A cruel king had a hideous but good-hearted son. The king wanted to arrange an alliance by marrying his son to a princess who was as ugly as he was. The prince, being tired enough of seeing himself, did not want to marry her. The king imprisoned him in a tower until he consented, and sent his ambassadors anyway. The princess did not want to consent, but her father sent her off with the ambassadors.

Meanwhile, the prince found a room with stained glass windows, that were depicting the adventures of a man like himself, and then the central figure became a tall and handsome young man, which no longer pleased him. He went back, and found a book, which he found depicted the same scenes, coming to life. In one, the people told him to find them their queen. Finally, he tried to find the key and the cabinet as depicted in the windows and book. He succeeded and found a man's hand, which horrified him, but a voice told him he could restore it to the man and directed him to go to the gallery and search where the light was brightest. There he found a portrait, and behind it a hidden room where a lady lay sleeping, and lamenting the fate of her beloved in her sleep. An eagle brought him a branch of a cherry tree, he touched the lady with it, and she came to. She implored the eagle to remain, but it left. He asked if he could restore her beloved, and she told him he could not, but asked if he wanted something for himself. He asked her to make him look less ridiculous. She turned him into a tall and handsome young man and transported him from the tower.

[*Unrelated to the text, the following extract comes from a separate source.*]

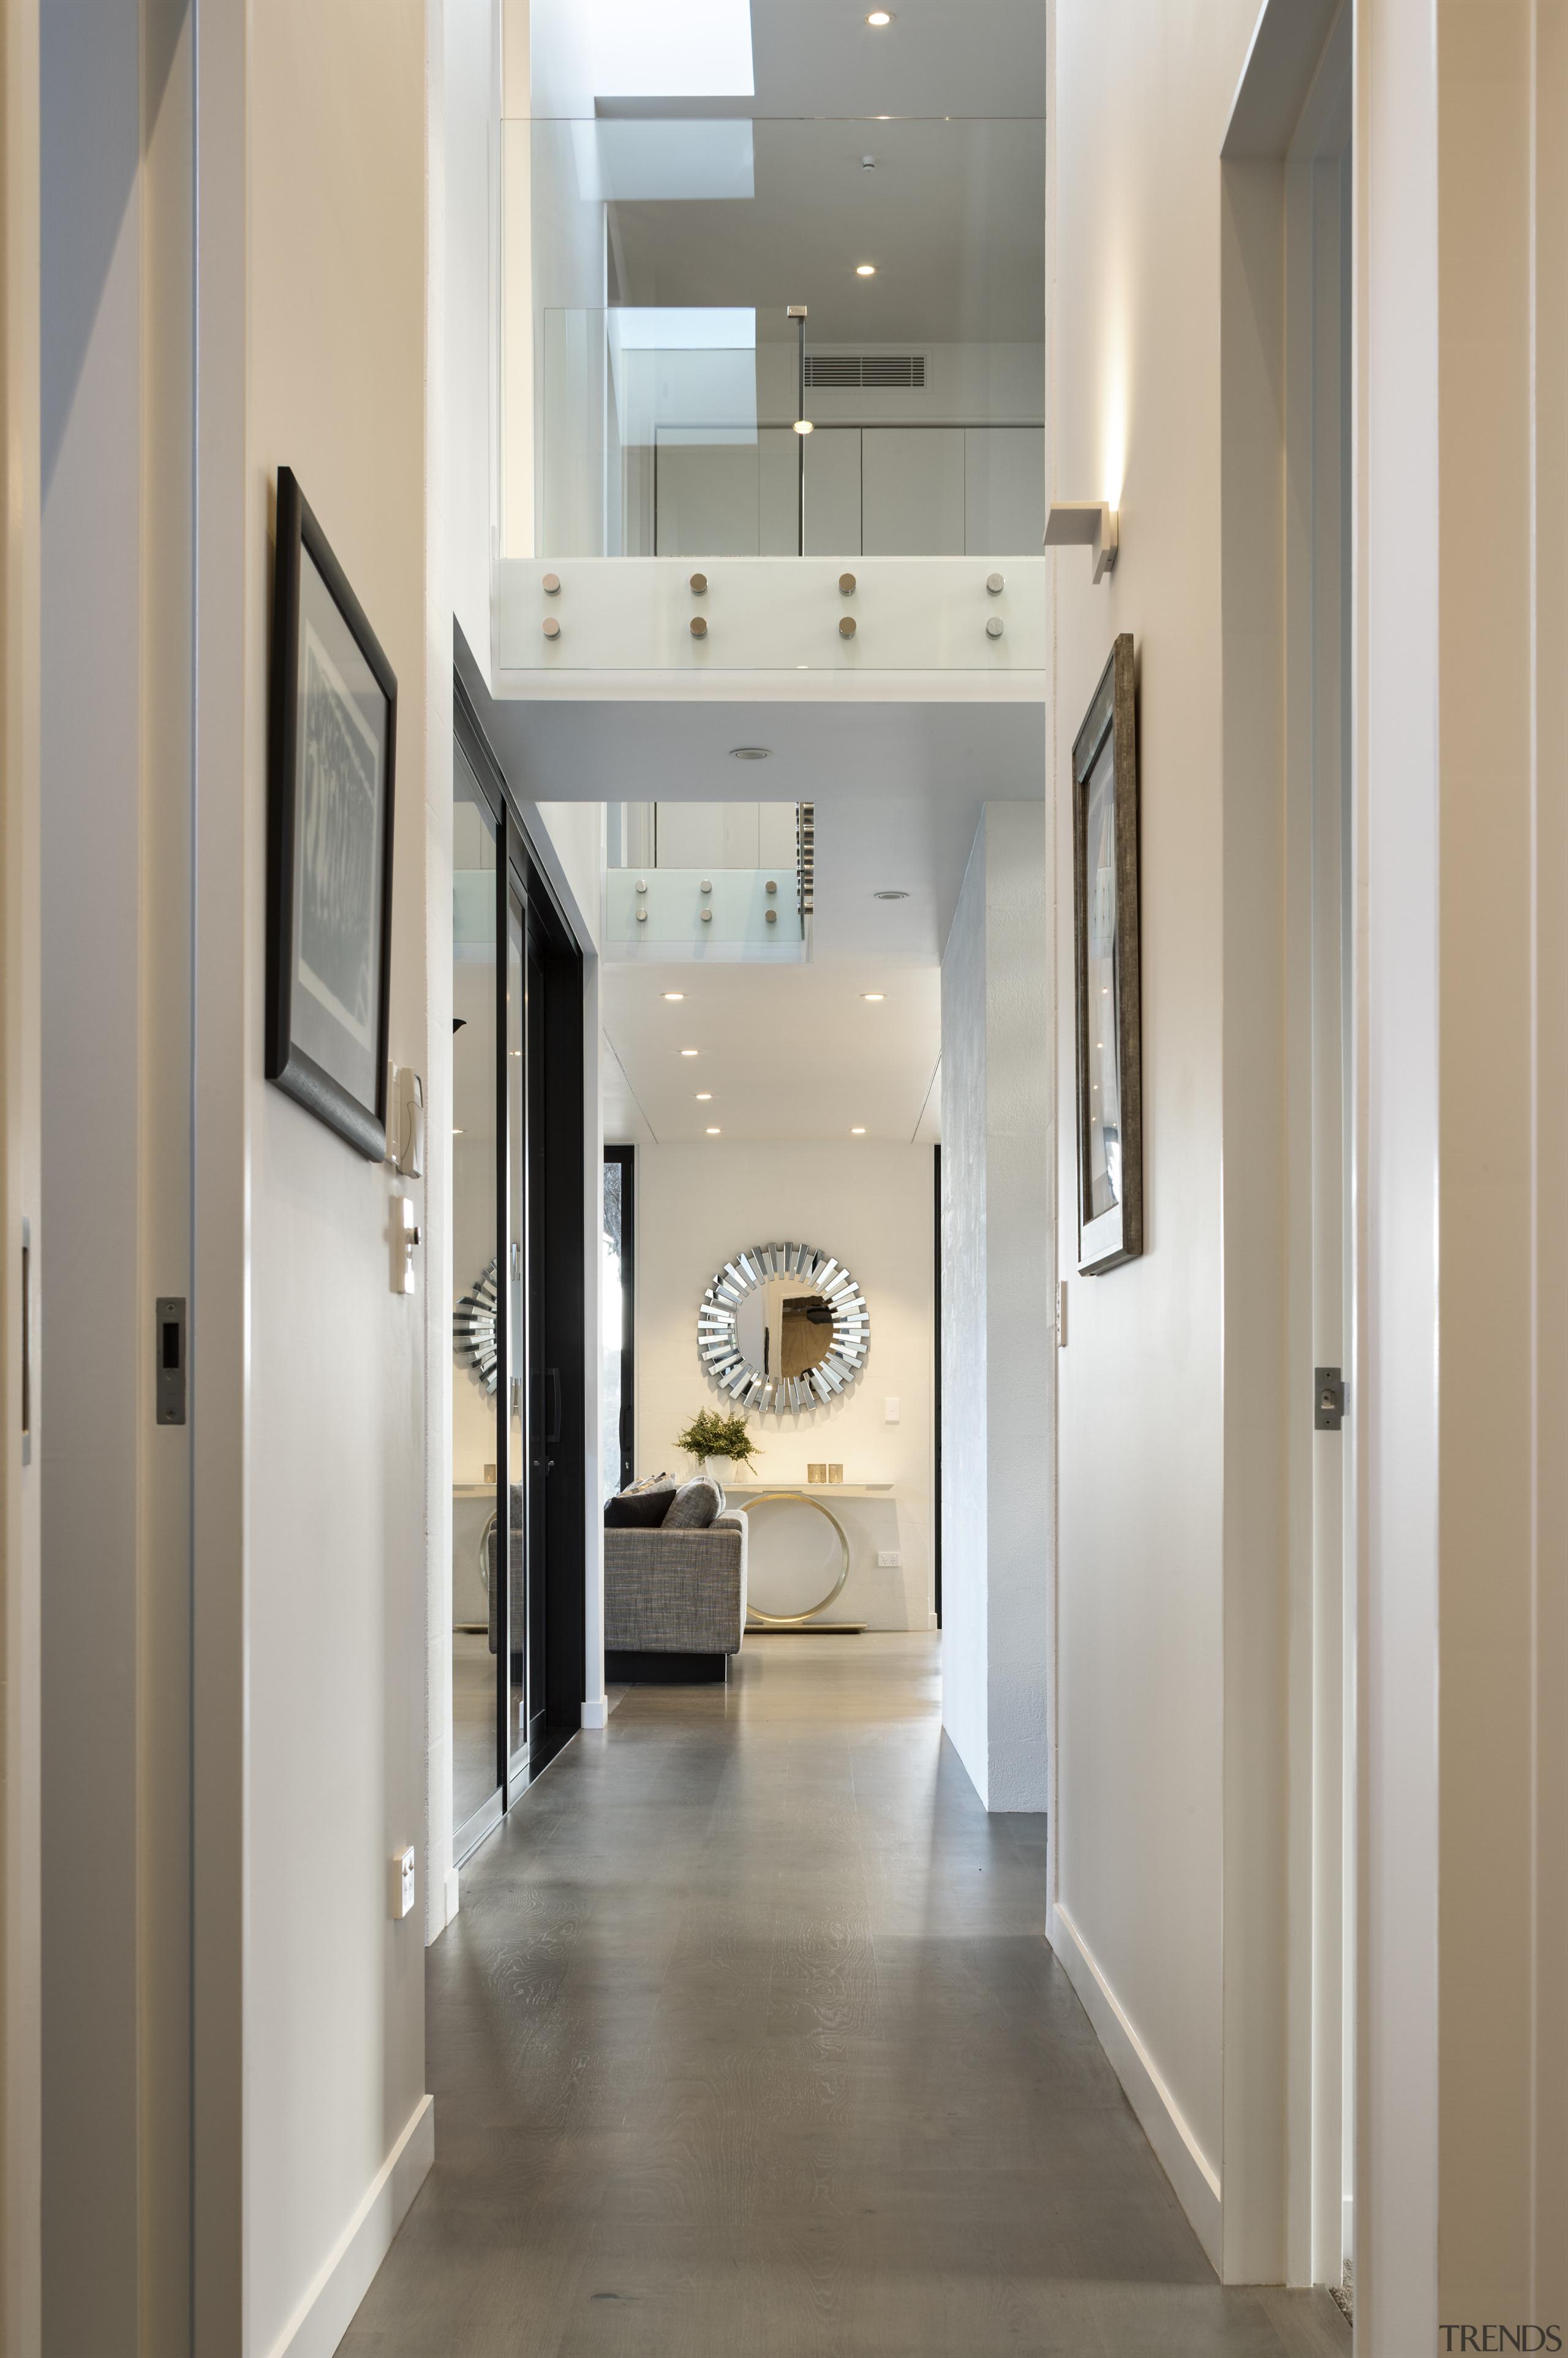 New two-storey coastal home, with upper level bridge ceiling, floor, flooring, hall, interior design, gray

The guards, trying to cover his disappearance up, told the king he was ill. This gave him hope that the prince was weakening. The princess arrived, and she was still unwilling. Then the guards reported that the prince had died. The king locked the princess up in the tower.

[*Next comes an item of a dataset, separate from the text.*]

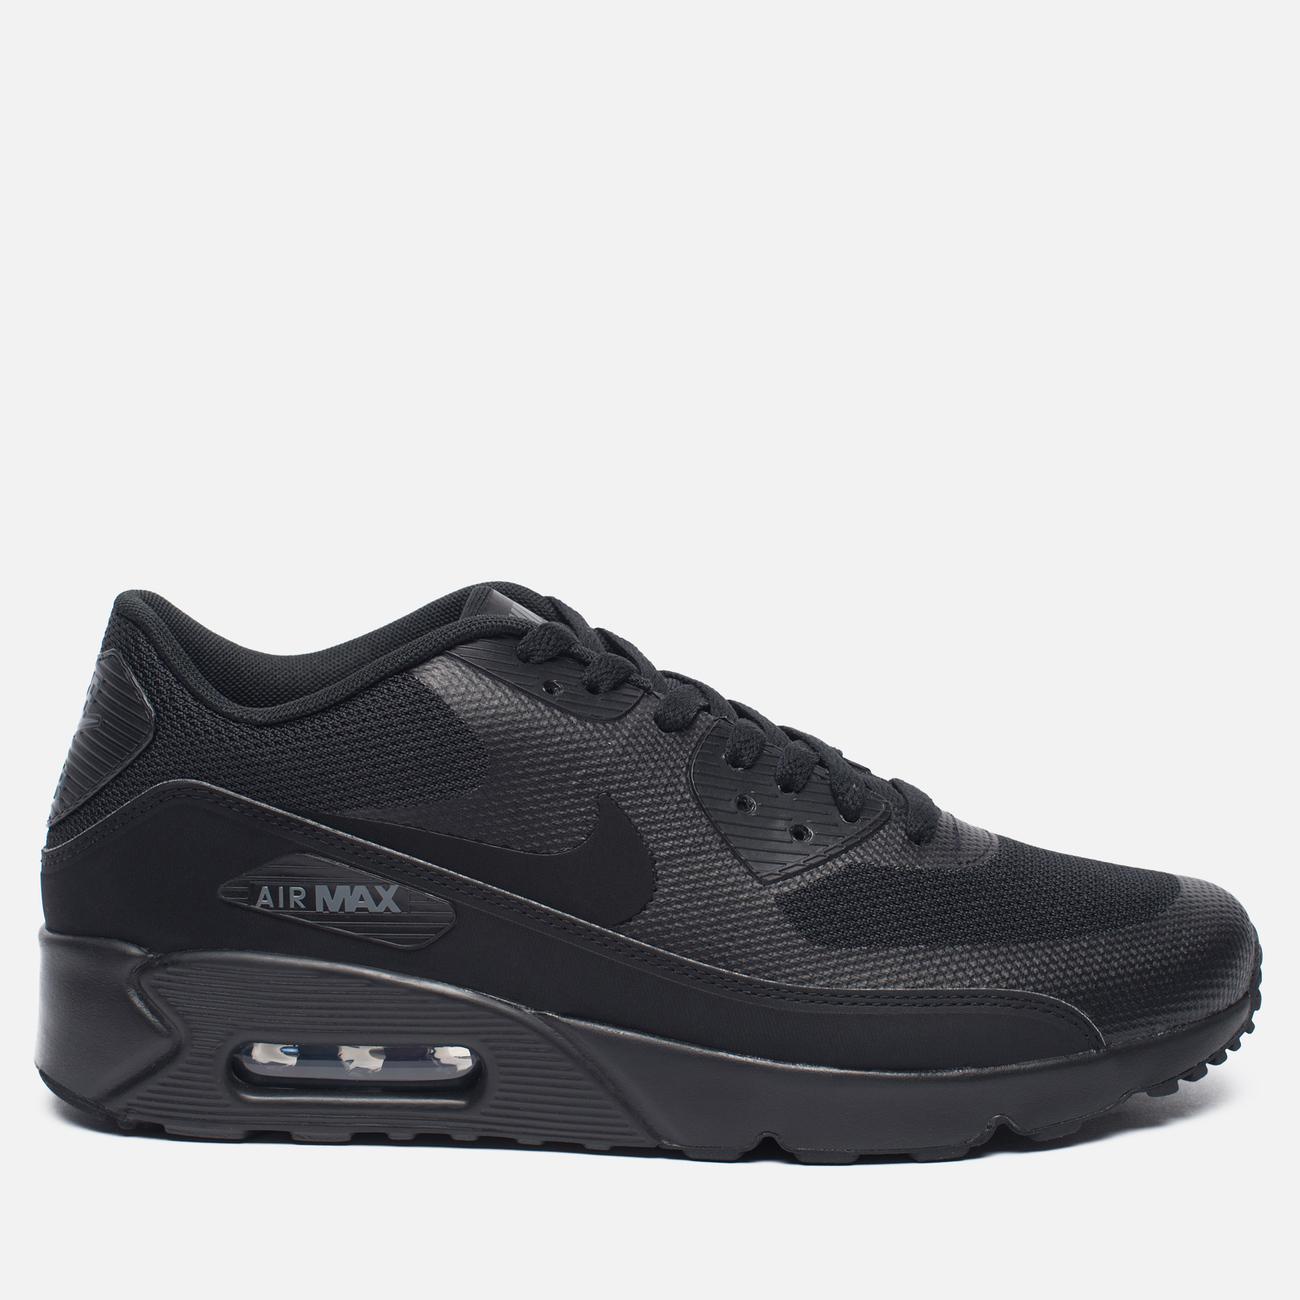 Мужские кроссовки Nike Air Max 90 Ultra 2.0 Essential 875695 002

She found a room with stained glass windows, depicting herself in some windows and a slim, charming young shepherdess in others, which she thinks uses her to make the contrast. An old woman appeared and offered her a choice between goodness and virtue; she chose goodness. She found the same cabinet and key as the prince, and the box with the hand. She was told to give it to an eagle as soon as she saw him. She did so, and he became a man. He told her how a wicked enchanter had changed him to this form because they both loved the same fairy, and she preferred him. He offered to make her beautiful, and she accepted. He transformed her and transported her from the tower.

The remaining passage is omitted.